Ask a dozen barbecue experts this question and you'll probably get a dozen different answers. It's a really individual preference based on what you can afford, what you are used to and what you have good success with. The bottom line is, a skilled pitmaster can create a great smoked product with just about anything you give him. There are teams right now who are having great success on the barbecue competition circuit cooking in old rusty trash cans that have been converted into smokers!
Smokers fall into two basic categories; wet smokers and dry smokers. As the name implies, the wet smoker makes use of a water pan which is situated underneath the grate that the meat sits on. The idea behind this is that steam is created which supposedly helps keep the meat moist and juicy. These are typically the upright bullet type smokers made popular by companies like Weber and Brinkman. They are normally fairly small and inexpensive. The drawbacks to them are that if you need to smoke large quantities of meat you'll need several of these smokers since they don't hold much. Also, if you need to cook at a higher temperature, they often have trouble maintaining a temperature much above 225 degrees. Usually when I see a team cooking with a bullet smoker, they'll be using several.

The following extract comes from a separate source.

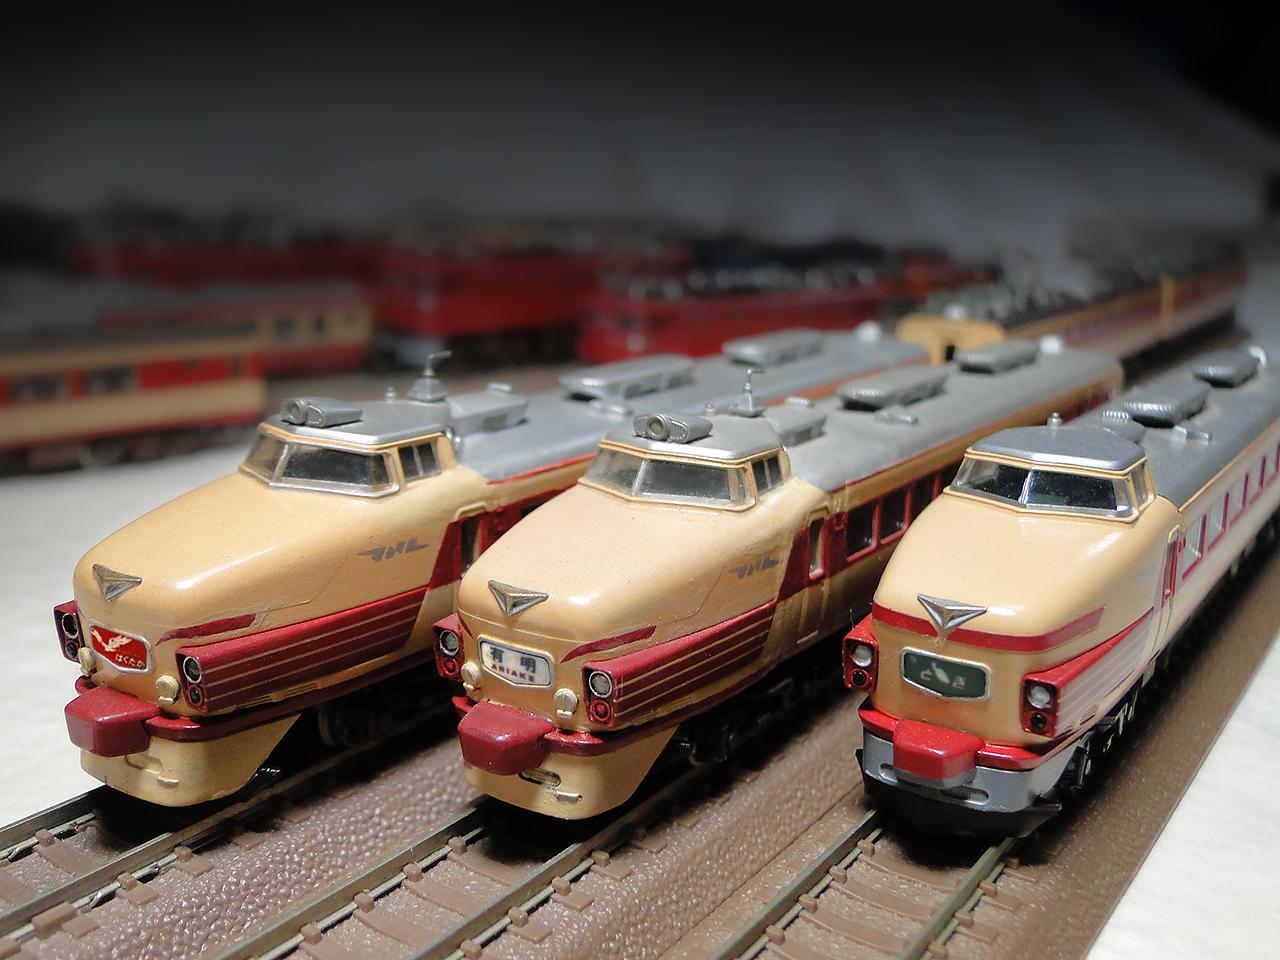 http://moritetsu.info/model-railway/img/DSC06561ssss.jpg

The dry smoker is the type my team uses and the type I use at home as well. They are typically horizontal or upright in shape and have the fire box off to the side. This is what is commonly referred to as an "off-set" smoker. The heat from the fire box moves into the main chamber where the meat is sitting. Although it is obviously extremely hot inside the firebox, the heat inside the main chamber will stay very comfortably at anywhere from 180-275 degrees, depending on how much fuel you have in the firebox and how you control the air vents. Popular off-set smokers are made by The Good One, Traeger, Weber, Blue Ridge & Tucker. Not all smokers use off-set fireboxes. Some, like Hasty-Bake, have the fire box underneath the cooking grates but allow you to raise and lower the coals to reach the desired temperature. And don't let anyone tell you that a Weber Kettle charcoal grill can't be converted into an excellent smoker. Simply arrange the fire to one side of the pan and put the meat on the other side, or put a water pan in the middle and arrange the coals around the outside of the water pan.

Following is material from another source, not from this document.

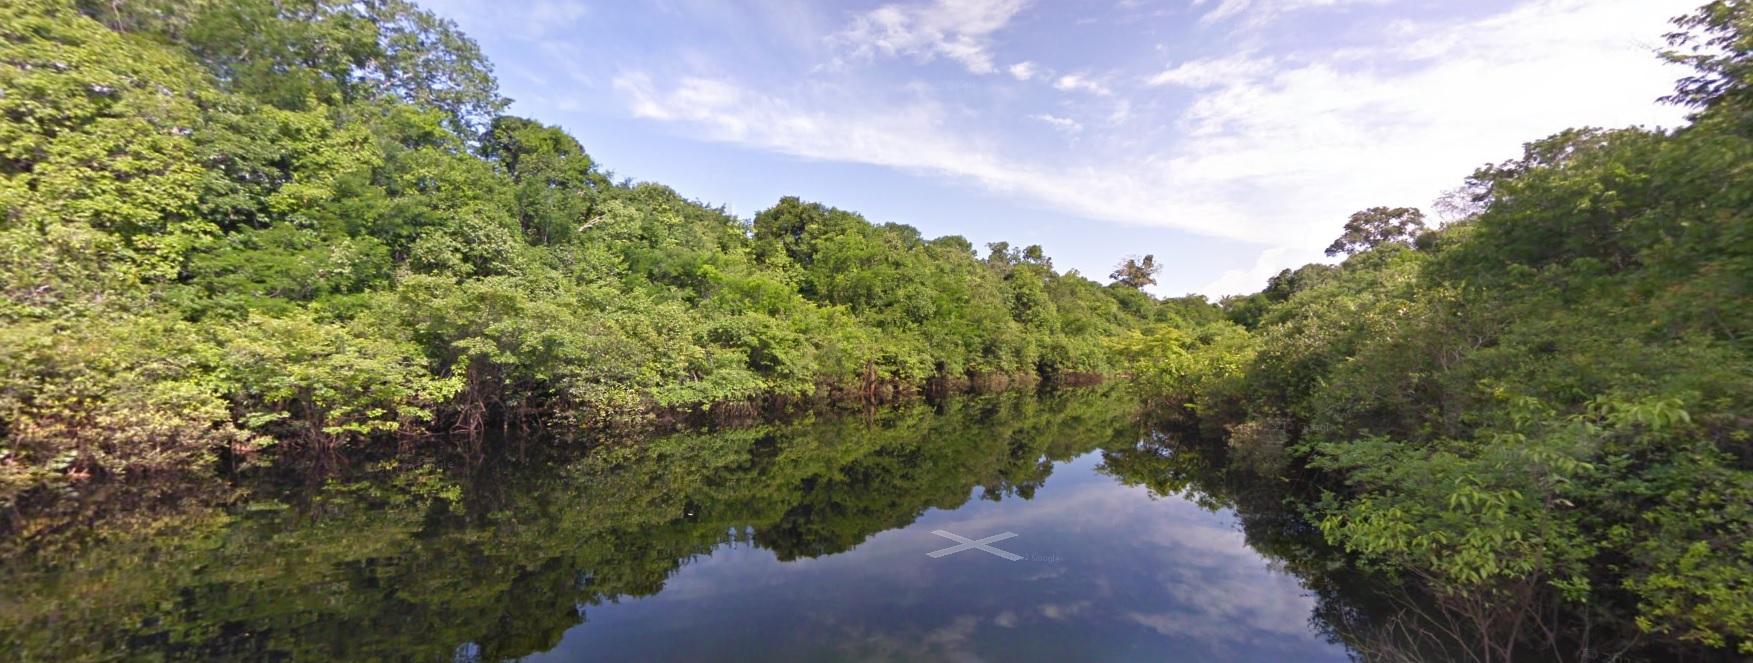 El Río Negro tiene 2250 km de longitud (captura de Street View).

Whichever type of smoker you choose, which brand you settle on, and price you end up paying, make sure your smoker has a temperature gauge that actually indicates degrees Fahrenheit. The gauges that indicate cool, medium and hot are worthless and a smoker with no gauge is even less predictable. Remember, the key to tender, juicy smoked barbecue is low and slow, with a consistent temperature of somewhere between 200-250 degrees. I like to go with about 225.